Farmer union leaders held a press conference at Singhu border today


  • Centre has to come forward with concrete proposals: Farmer leader
  • PM Modi claimed that opposition is “instigating” and “misleading” farmers
  • There have been five rounds of meetings between farmers and the Centre

New Delhi:
Twenty farmers have died since the protest started outside Delhi and the government, which is responsible for this, will have to pay, farmer leaders declared today from the Singhu border. December 20 has been declared as a day of mourning and “homage will be paid to the martyrs in every village,” a farmer leader said. Prime Minister Narendra Modi, meanwhile, spoke up again in support of the farm laws, which are at the heart of the months-long agitation and accused the opposition of “instigating” and “misleading” the farmers. The farmers hardened stance, saying they will “make” the government repeal the laws.

Here are the top 10 points in this big story:

  1. “The government is saying ‘we won’t repeal these laws’. We are saying we will make you do it. The fight has reached a stage where we are determined to win no matter what,” farmer leader Jagjeet Dallewal told journalists at Singhu border today. “We are not running away from negotiation, but the government has to pay heed to our demands and come forward with concrete proposals,” he added.

  2. “The agriculture reforms that have taken place are exactly what farmer bodies and even opposition parties have been asking over the years,” Prime Minister Narendra Modi said today, reiterating the government’s claim that the opposition is now “instigating” and “misleading” the farmers.

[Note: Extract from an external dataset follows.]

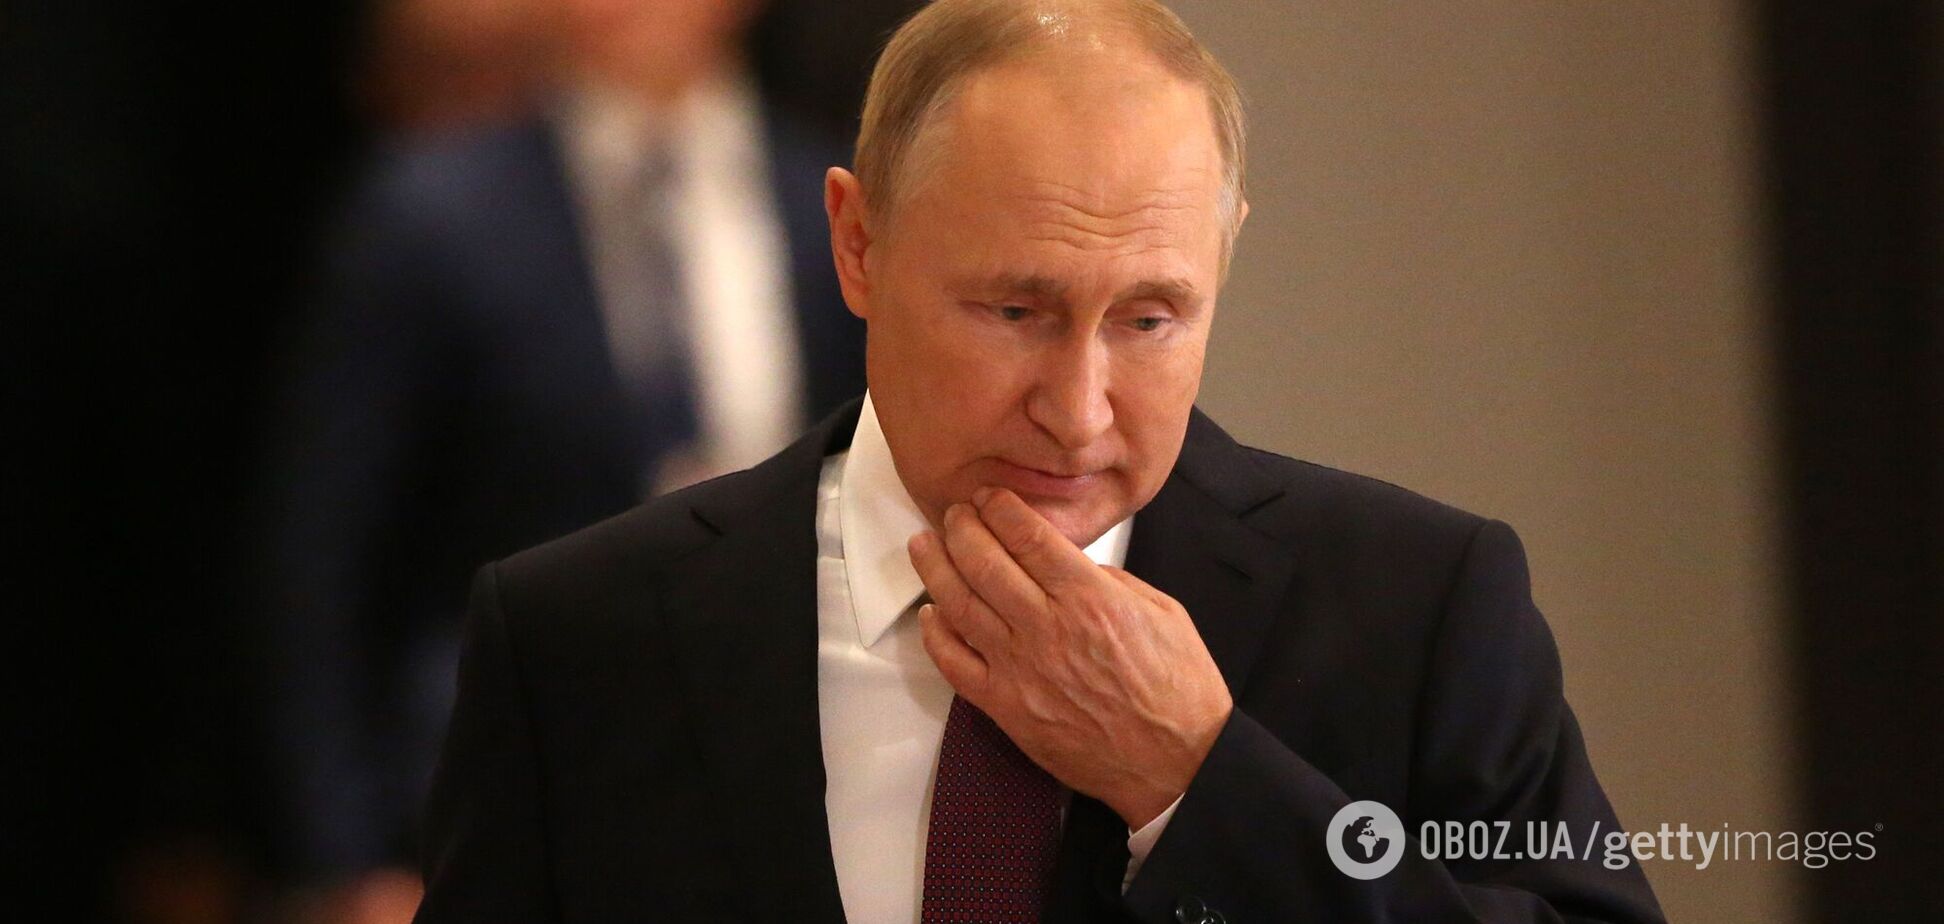 Останній політичний акорд Путіна: у режиму немає жодних шансів на виживання

  3. “A sense of fear is being injected into their (farmers’) minds. Farmers are told that their land will be grabbed by others if the new farm laws get implemented,” PM Modi said. “I am confident that progressive farmers will defeat those who are doing politics, spreading falsehood and using farmers” shoulders to fire their guns,” he added.

  4. A faction of the Bhartiya Kisan Union (Kisan Gut) met Union Agriculture minister Narendra Tomar today and later said it is suspending its agitation for a month. “We have placed a demand before a minister that a new law should be enacted on the Minimum Support price,” the group’s chief Pawan Thakkar told NDTV. The group has influence over framers in 10 to 12 districts of Uttar Pradesh.

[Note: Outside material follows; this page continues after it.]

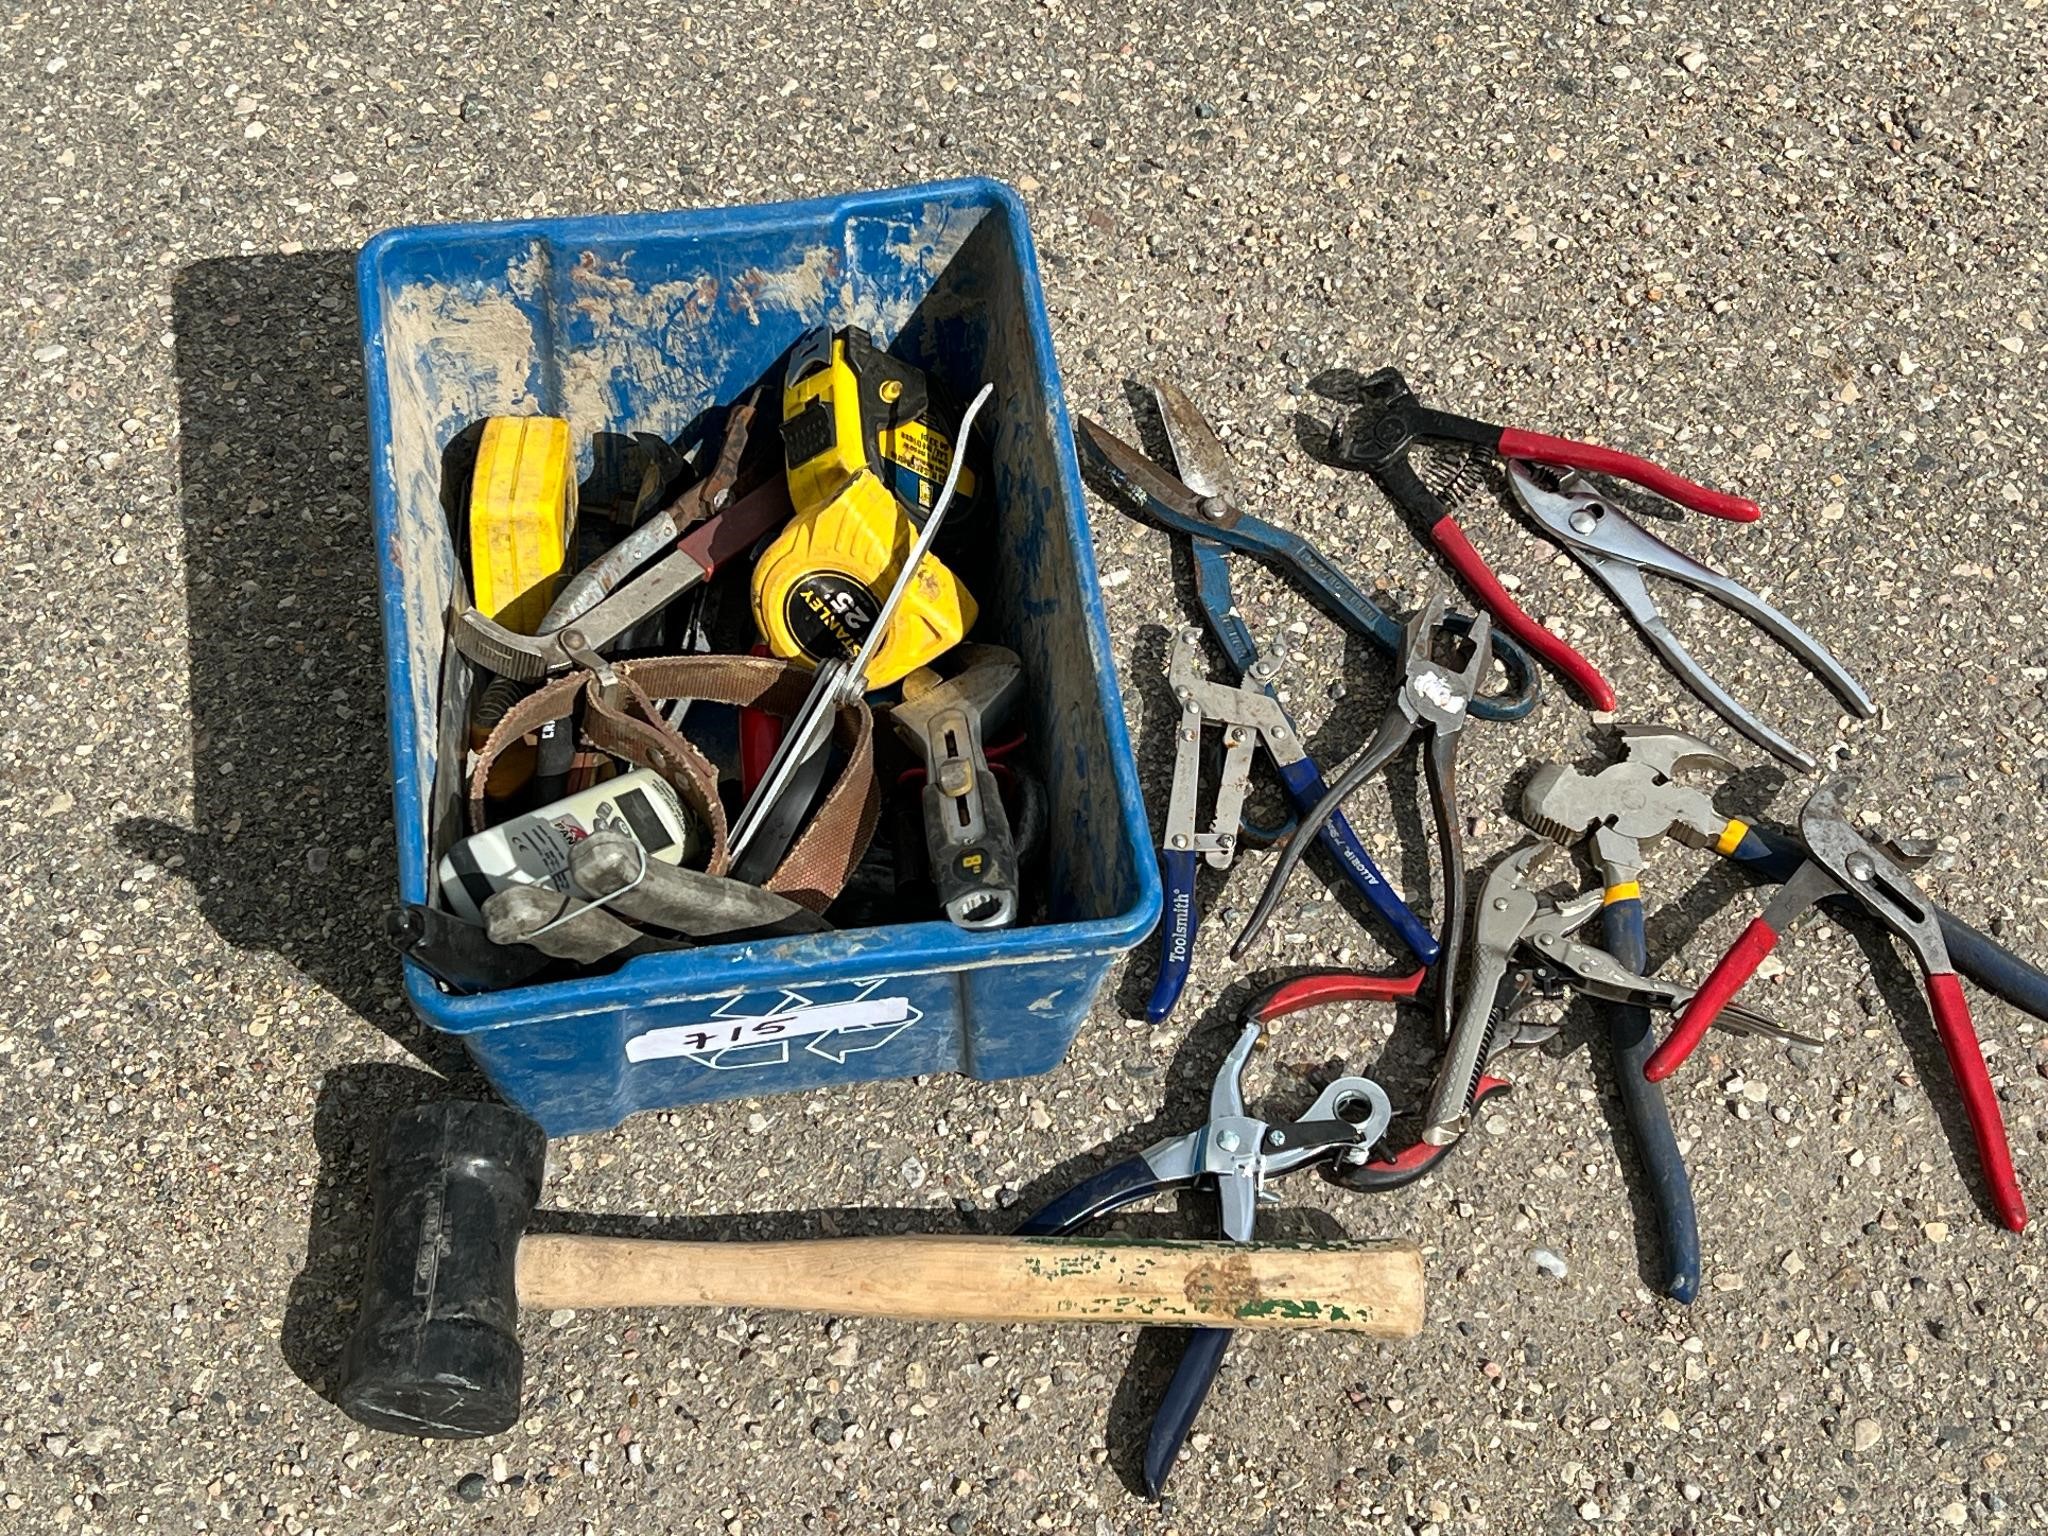 Bin of Pliers, Cutters, Tools

  5. The farmer leaders at Singhu border brushed off growing trend of small farmers’ groups pulling out of the agitation after talks with the agriculture minister.  “Ours is a historic agitation and we have a unified leadership. We have so much people’s support that they couldn’t break our unity, said a farmer leader.

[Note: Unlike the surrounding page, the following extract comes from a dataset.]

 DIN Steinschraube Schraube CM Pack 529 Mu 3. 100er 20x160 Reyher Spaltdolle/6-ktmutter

  6. A farmer leader from Maharashtra, Rishipal, claimed one farmer has died every day on an average since the protest started in the last week of November. “A Homage Day (Shraddhanjali Diwas) for all the farmers who lost their lives and became martyrs in the ongoing protest will be organised across the country in villages and tehsil headquarters on December 20 from 11 am to 1 pm,” he said.

  7. Five rounds of meetings have taken place between the protesting farmers and agriculture minister Narendra Tomar. Union home minister Amit Shah also met the farmers once, but the deadlock has persisted with both sides sticking to their stance.

  8. Arrangements are also being made for women protestors, said farmer leader Jagjeet Dallewal . Over the next three to four days, they will be coming in huge numbers and joining the protest against the new farm laws, he added.

  9. Shiromani Akali Dal chief Sukhbir Badal dubbed the Central government the “real tukde tukde gang” and accused it of setting Hindus against Sikhs in Punjab to control the farmers’ protest. “Today it is against farmers. Nobody knows what the BJP might say even about soldiers tomorrow if it suits them. The farmers are hurt and angry against the BJP,” he alleged.

  10. Tens of thousands of farmers are holding protest at the borders of Delhi to protest against the farm laws, which they say will shrink their income by doing away with the minimum prices fixed by the government and leave them at the mercy of corporates. The government says the laws are major reforms in the farm sector that will help farmers dispense with middlemen and allow them to sell produce anywhere in the country.